Now, if Jean-Jacques was to Bernardin de Saint-Pierre what Nietzsche is to Maeterlinck, it would not be difficult to prove that Maeterlinck appeals to Nietzscheans, and that his teaching has points of contact with that of Nietzsche. To be quite short, Maeterlinck's man of the future is essentially the superman. And even if it were true that Maeterlinck's writings will be no more read in the future than are those of Bernardin de Saint-Pierre to-day, that would not reduce him to the rank of a minor writer. Voltaire's writings, which prepared a revolution, are now little read; and yet how much of Voltaire's thinking, or abstract of thinking (was Voltaire "original"?) is woven into the fabric of the mental life of to-day? We cannot, it is true, draw a close comparison between Voltaire and Maeterlinck, for Maeterlinck has no venom, and no disposition to thrust himself forward into the forefront of public interest; but it would be possible to compare his present position with that of Goethe (another writer the great mass of whose writings, as far as the non-German reading public is concerned, is dead). What Goethe was to the élite of Europe in the opening decades of the nineteenth century, Maeterlinck is to-day. His position, too, was assailed by a younger school of authors; but they could not shake it. Goethe, by the final moral of Faust, taught his generation to channel their activities and, confident of the result, to pour their strength into unselfish work; Maeterlinck teaches the same doctrine, and it may be said again of him, as he has said of Goethe, that he has brought us to the shores of the sea of serenity.
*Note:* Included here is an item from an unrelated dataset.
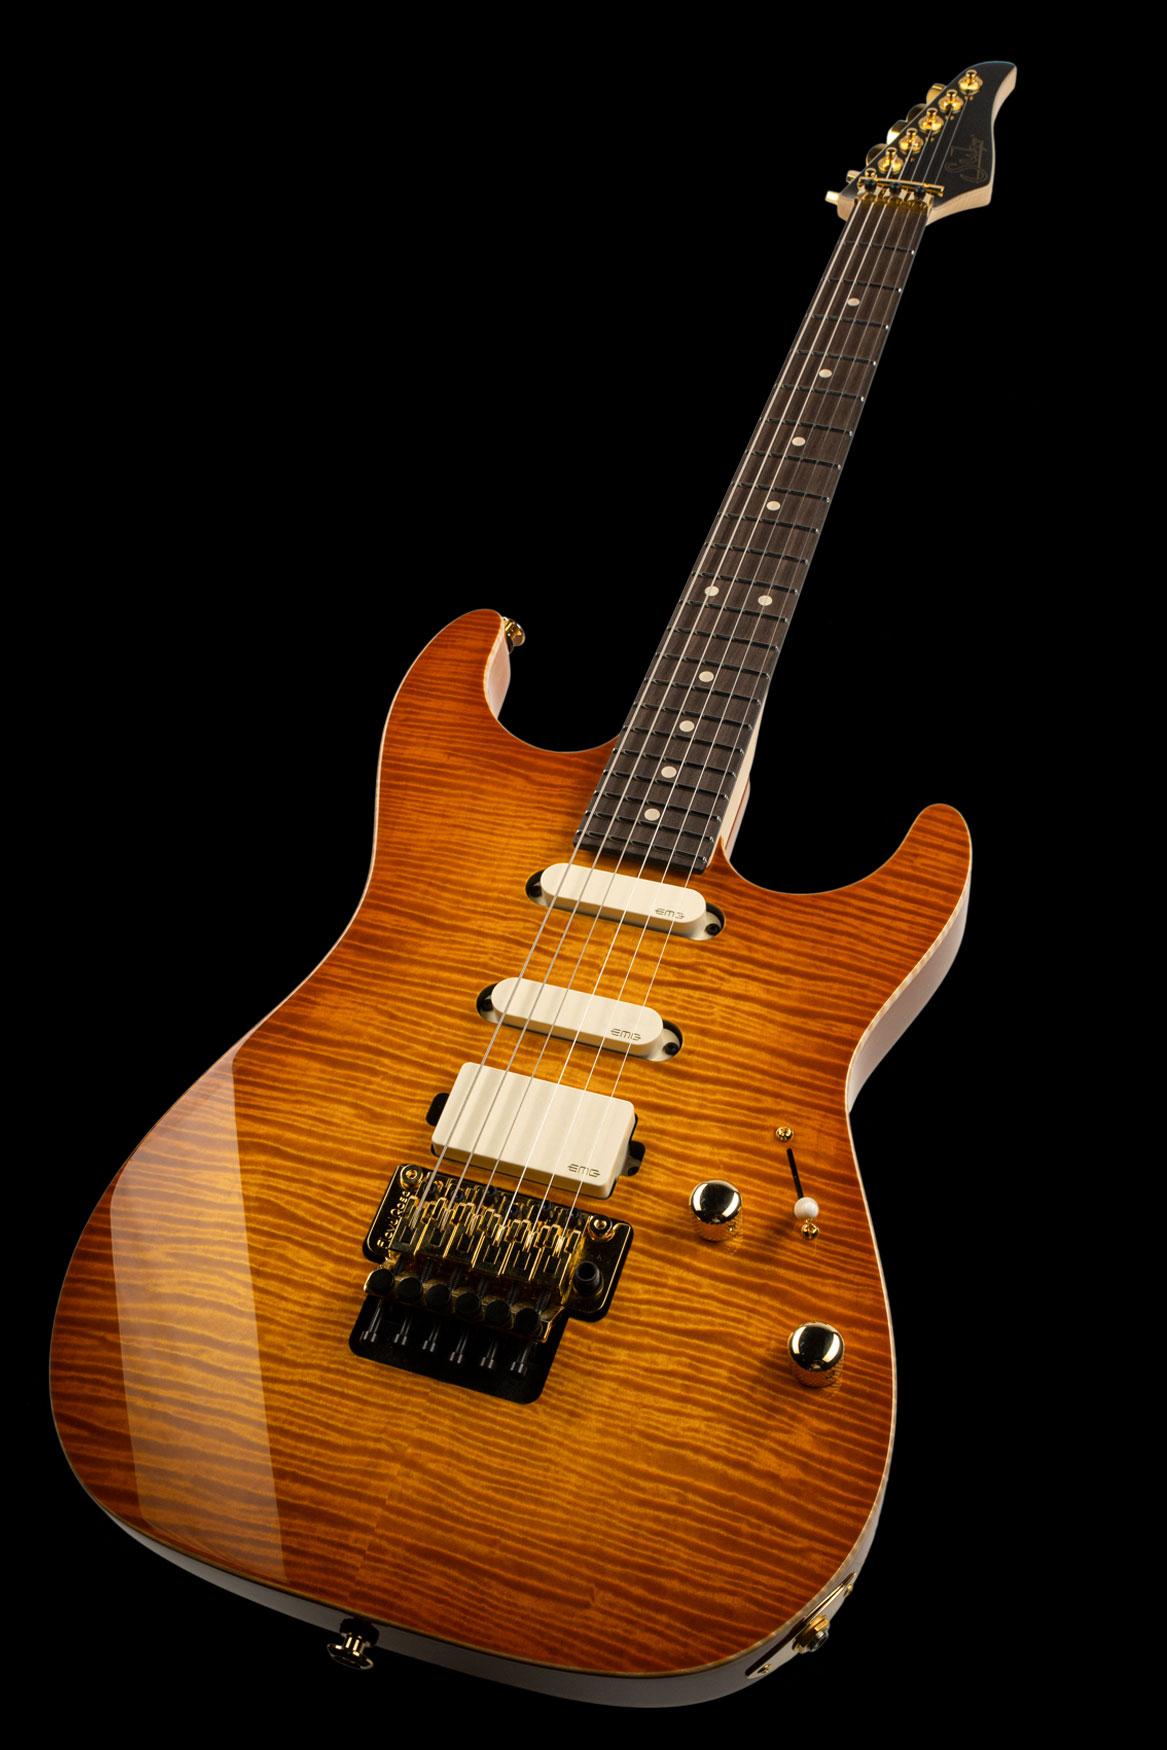 01-LTD-0029: Standard Legacy, Suhr Burst, Original Floyd Rose
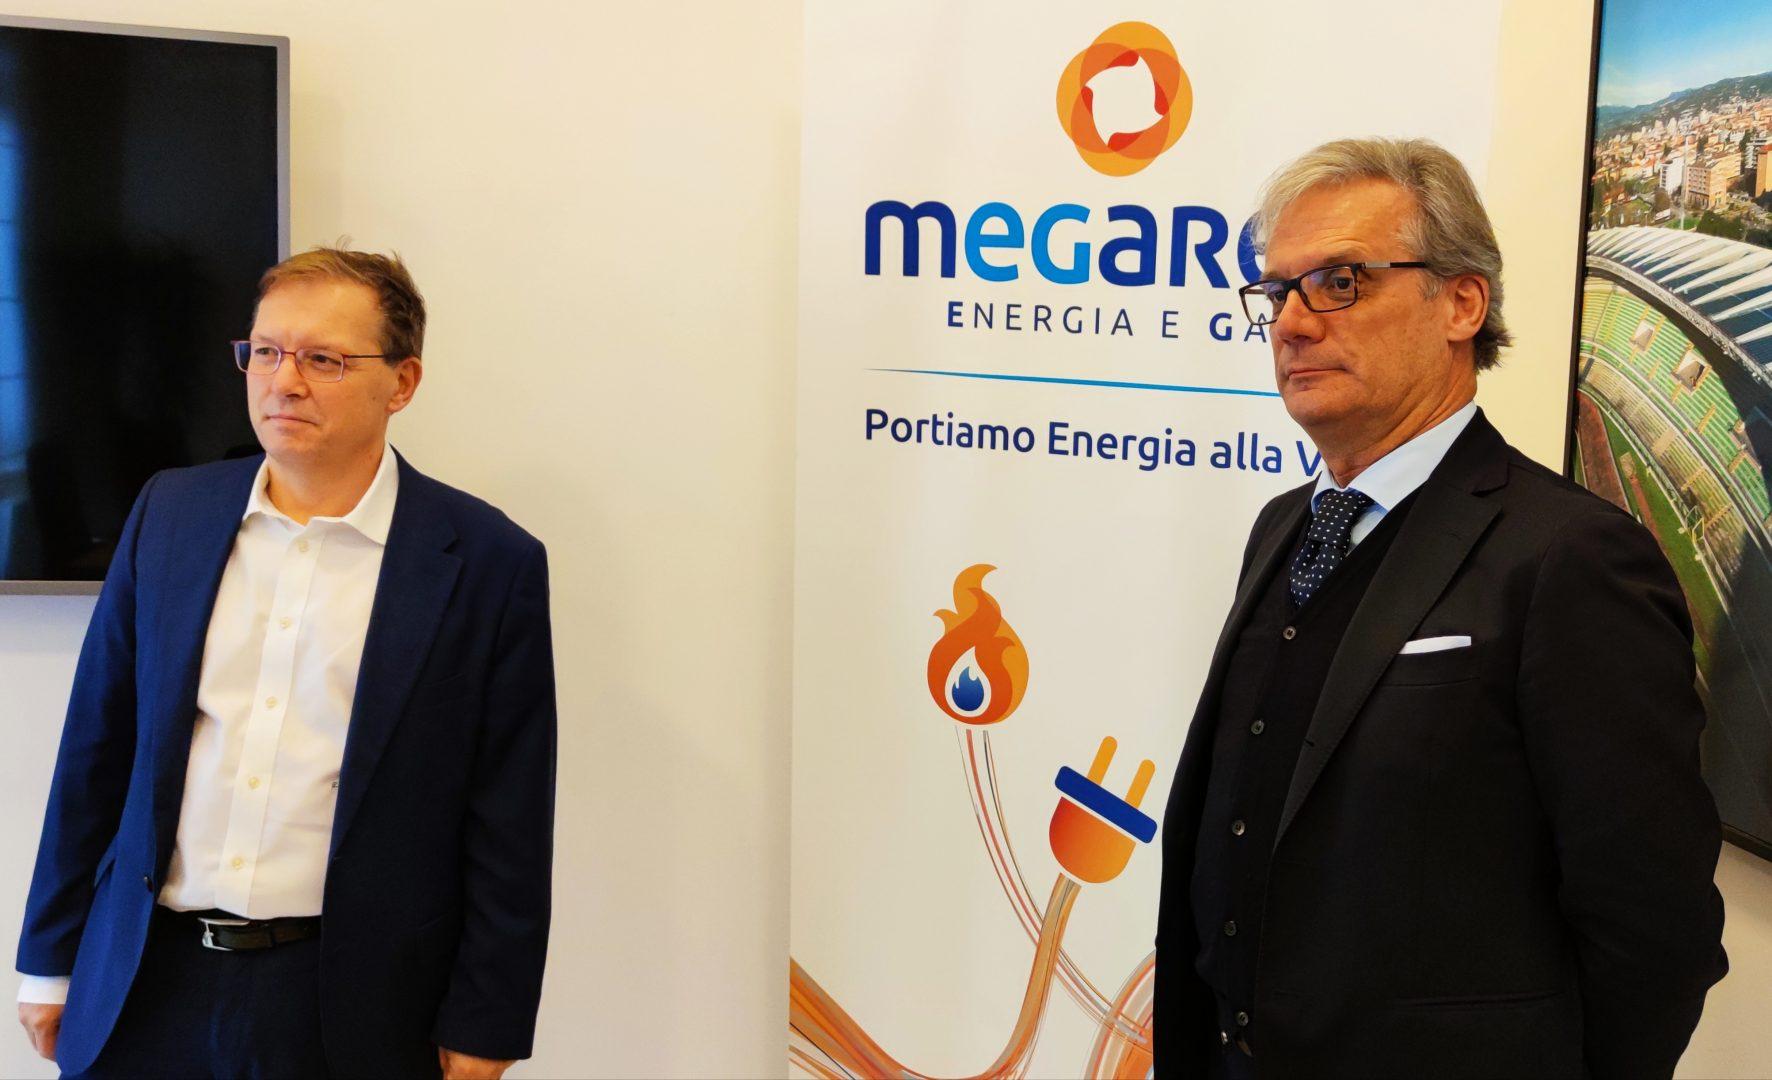 Da destra Alessandro Montagna presidente Megareti e Livio Negrini direttore operativo Megareti

So much for Maeterlinck's philosophy. But his critics, especially M. Dumont-Wilden, are apt to forget one thing—his poetry. It is possible, of course, to state even his dramas in terms of philosophy; but when you have interpreted the symbols, there still remains something that cannot be set down in equations—the poetry. Granted that Maleine = the human soul: does she not still remain a beautiful dream, a Sadist's dream of a girl?[2] Against M. Dumont-Wilden's criticism

Albert Mockel, La Wallonie,
June and July, 1890.

it must be urged that Maeterlinck, besides being a thinker, is also a poet—not a lyric poet, of course (his rank is low here), but a creator of new things, a master of atmosphere and suggestion—in short, when all deductions are made, a great writer. The philosophy will be absorbed by everyday life and become commonplace; but Interior and The Sightless will always be the first-fruits of a new poetry and deathless works of art.

There is one other thing to be said. There have been thinkers whose private life did not bear comparison with the ideals proclaimed in their writings. Of Maeterlinck the man nothing but good is known. The man he is would stand unshaken if all his literary works withered like bindweed round a tree at the first breath of winter. A eulogy of his character based on the long list of his good deeds is impossible; for these are unknown—suspected merely, or secrets of his friends and not to be revealed without offending him. But the sage needs no approbation save his own; and Maeterlinck's good deeds were done, not for praise, but because he was Maeterlinck.

[1] Academy; 22nd June, 1912.

[2] "C'est une fillette de van Lerberghe si inconsciemment venue dans les Serres Chaudes, et qui s'y meurt; étouffée en ce palais empoisonné, elle s'y meurt, elle s'y meurt! Elle est claire, elle est pure, d'une chasteté d'étrangère apparue,—et pourtant son haleine est d'une malade, il sourd de sa poitrine des effluves angéliques et pervers; elle est équivoque et triste, et nul ne saurait affirmer avec certitude que tout cela existe, ni qu'elle-même est bien là, devant nous. C'est la Princesse, la Princesse ... Elle, ses paupières vagues et toutes ses boucles en lianes; ses cheveux qui s'enrouleraient de caresses vivantes, étrangement tièdes sinon de glace, un col irréel où s'enlaceraient des malheurs,—un san Giovannino de Donatello parmi des terreurs ambiguës, un Botticelli dans la Malaria."